This takes us to the Semantic Model

Semantic Modelling in Fabric

Lets update the default semantic model. Set the relationships. Hide Keys, set up Orders, hierarchies etc.

Direct lake

Notice the Storage model is Direct Lake. this has greatly reduced the amount of copies of the data we have. Power BI is using the PARQUET files in the same way it would Import into the Columnar Power BI data Store.

Direct lake is only available with Microsoft Fabric and Delta PARQUET tables

Unfortunately I have hit a problem.

The Semantic Model isn’t working. After every change we hit

 ‘We cannot access source column ‘<ccon>series</ccon>’ from delta table ‘<ccon>dimepisode</ccon>

However, checking the Data and series is available.

Also the directions on the join are incorrect (Before the changes are removed)

After looking at some of these issues online, it would appear that currently the ‘default’ semantic model is very glitchy and many people are having issues with it.

People are using work arounds by creating their own semantic models rather than using the default. This seems very disappointing, and I hope its rectified soon (As at 30/05/2024)

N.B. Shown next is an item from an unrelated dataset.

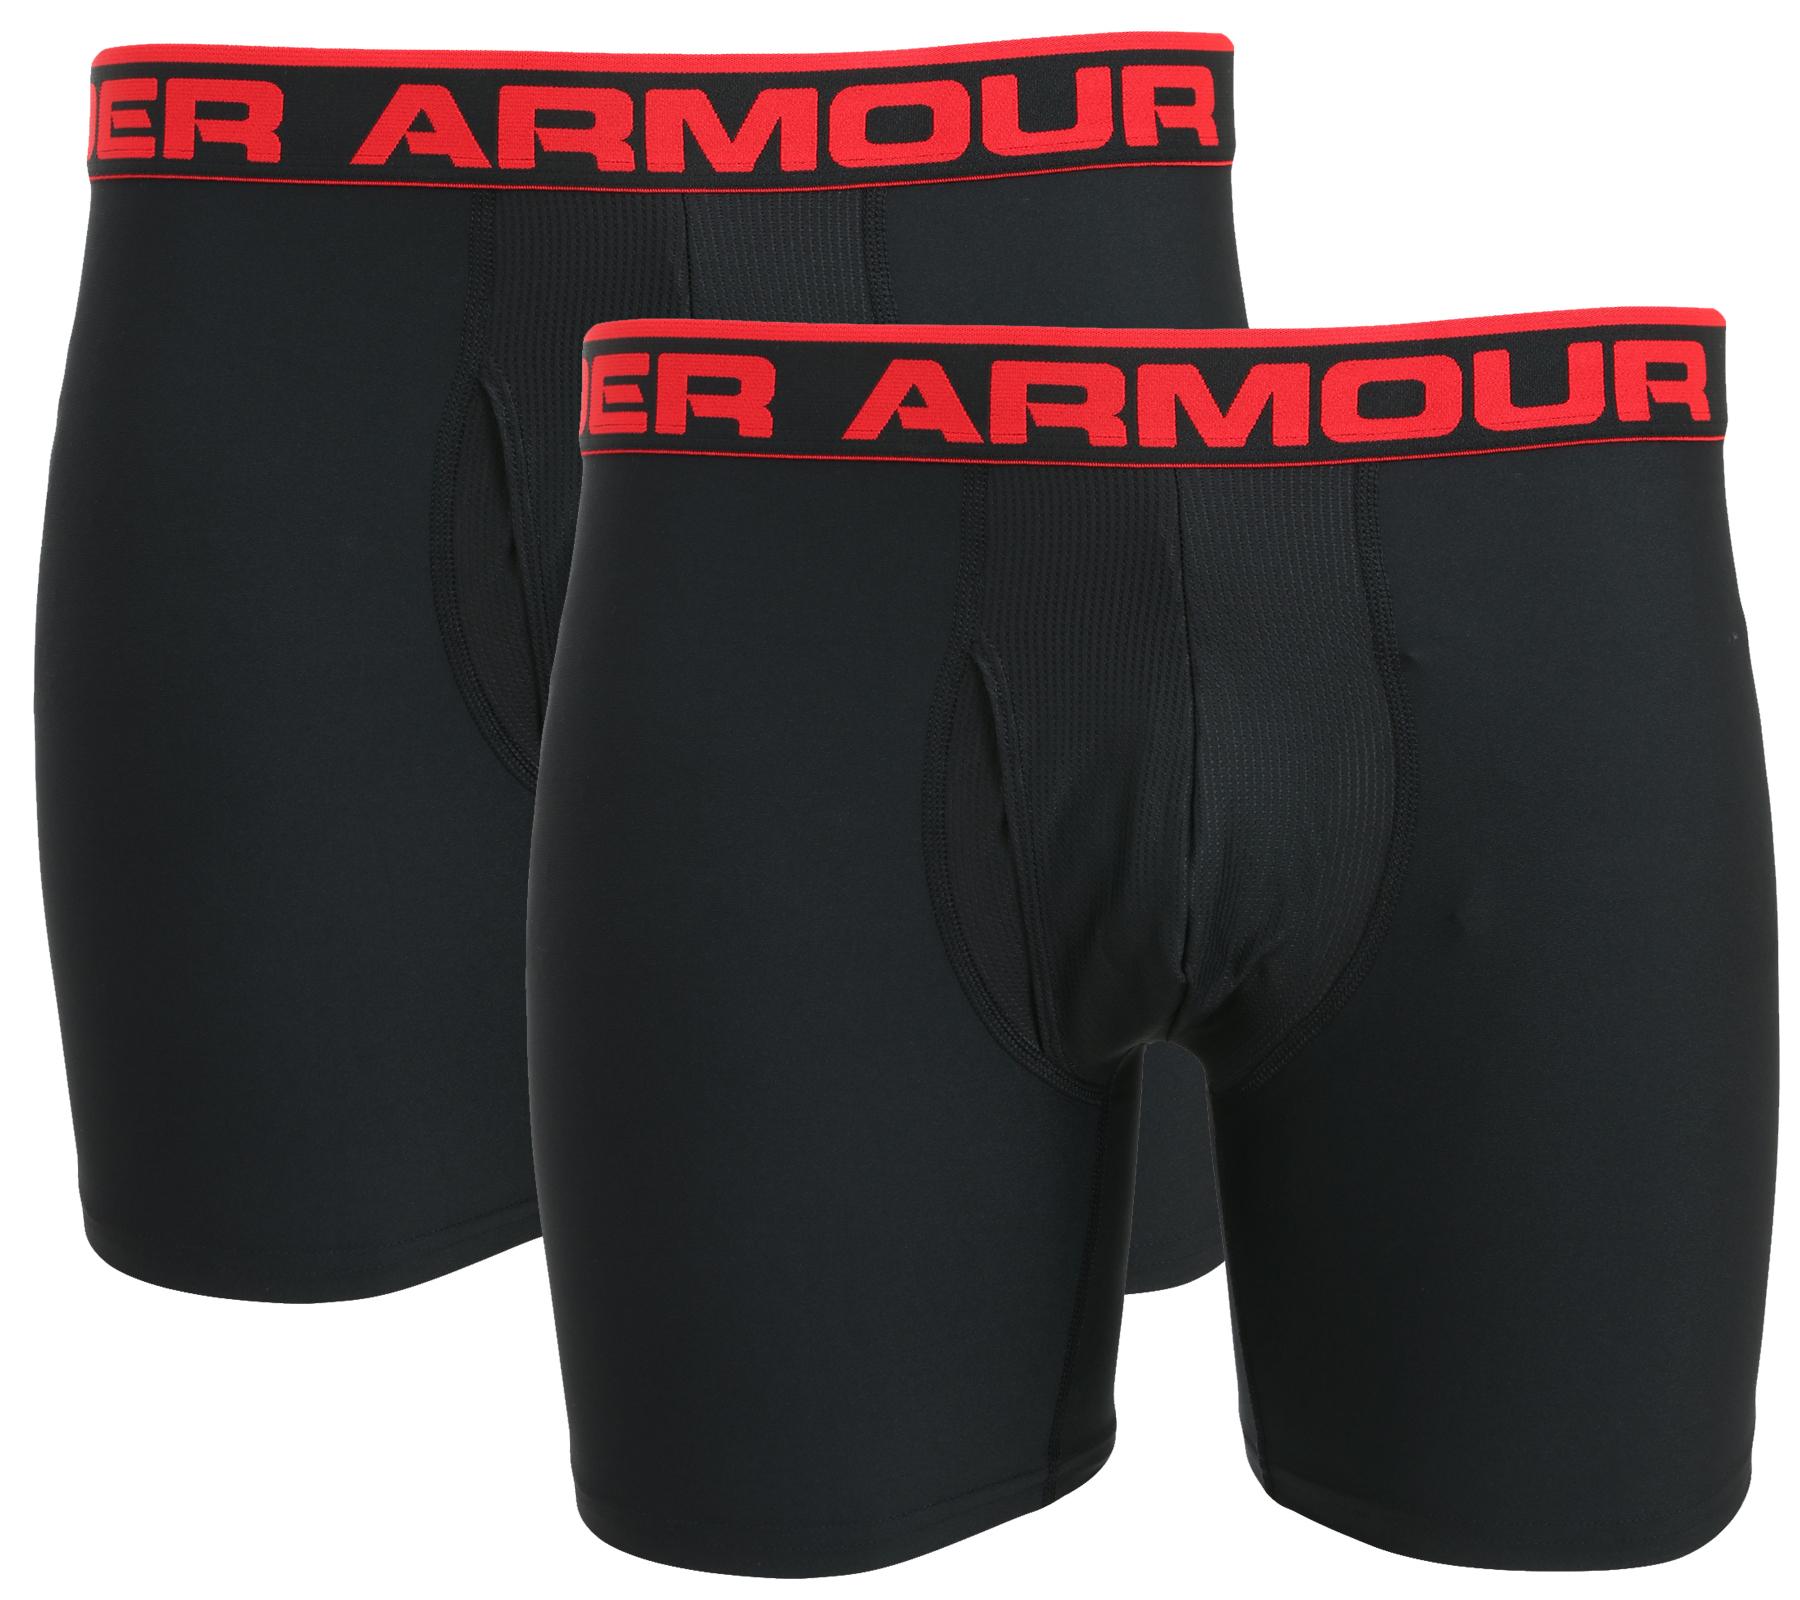 Under Armour Doppelpack Boxerjock Gr. S-XL bei Outlet46

https://powerbi.microsoft.com/en-gb/blog/improvements-for-creating-new-direct-lake-semantic-models/

Create a Semantic Model

Back in the Lakehouse

Choose New Semantic Model

Select All

Join Dim Episode to Episode Key

Immediately we see an issue. the many should be on the fact side.

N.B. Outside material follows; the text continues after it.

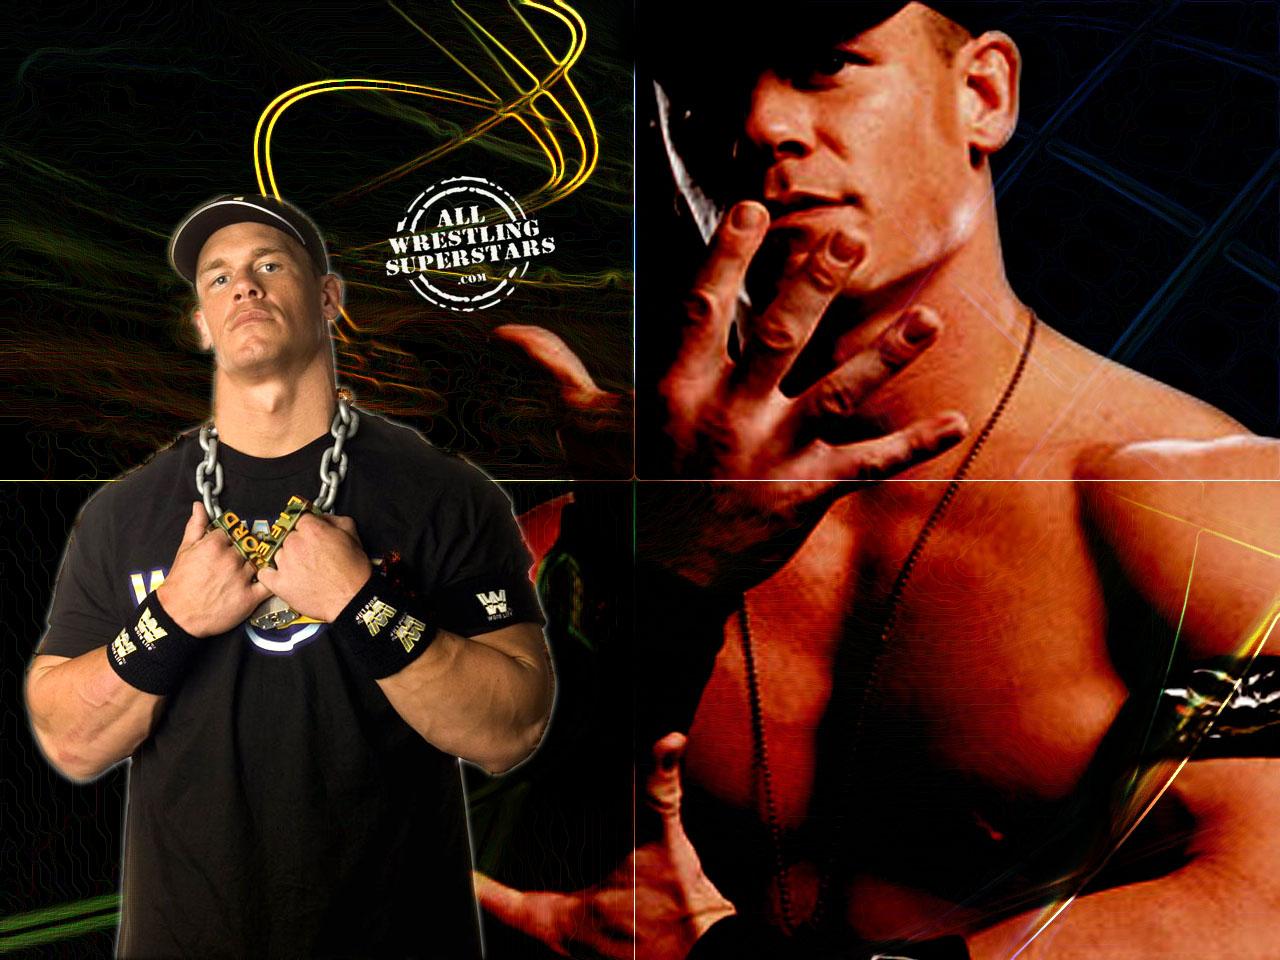 Wwe Chain Gang Soldier John Cena Wallpaper

Time to go back to the SQL analytics endpoint to quickly check what is happening.

Going back to My Queries and the Taskmaster data checks file.

SELECT f.TaskKey AS FactTaskKey, COUNT(*)
FROM [DebbiesFabricLakehouse].[dbo].[facttaskmaster] f
GROUP BY f.TaskKey

SELECT t.TaskKey AS DimTaskKey, COUNT(*)
FROM [DebbiesFabricLakehouse].[dbo].[dimtask] t
GROUP BY t.TaskKey
Having COUNT(*) > 1

SELECT Task, TaskOrder, COUNT(*) FROM [DebbiesFabricLakehouse].[dbo].[dimtask] 
GROUP BY Task, TaskOrder
HAVING COUNT(*) > 1

it would seem that from running the above queries. Everything is correct. 1 Task to Many. In Power BI desktop this would automatically create the correct relationship for you,

So in this instance, go into the relationship and reset. (is this an issue in Fabric at the moment?)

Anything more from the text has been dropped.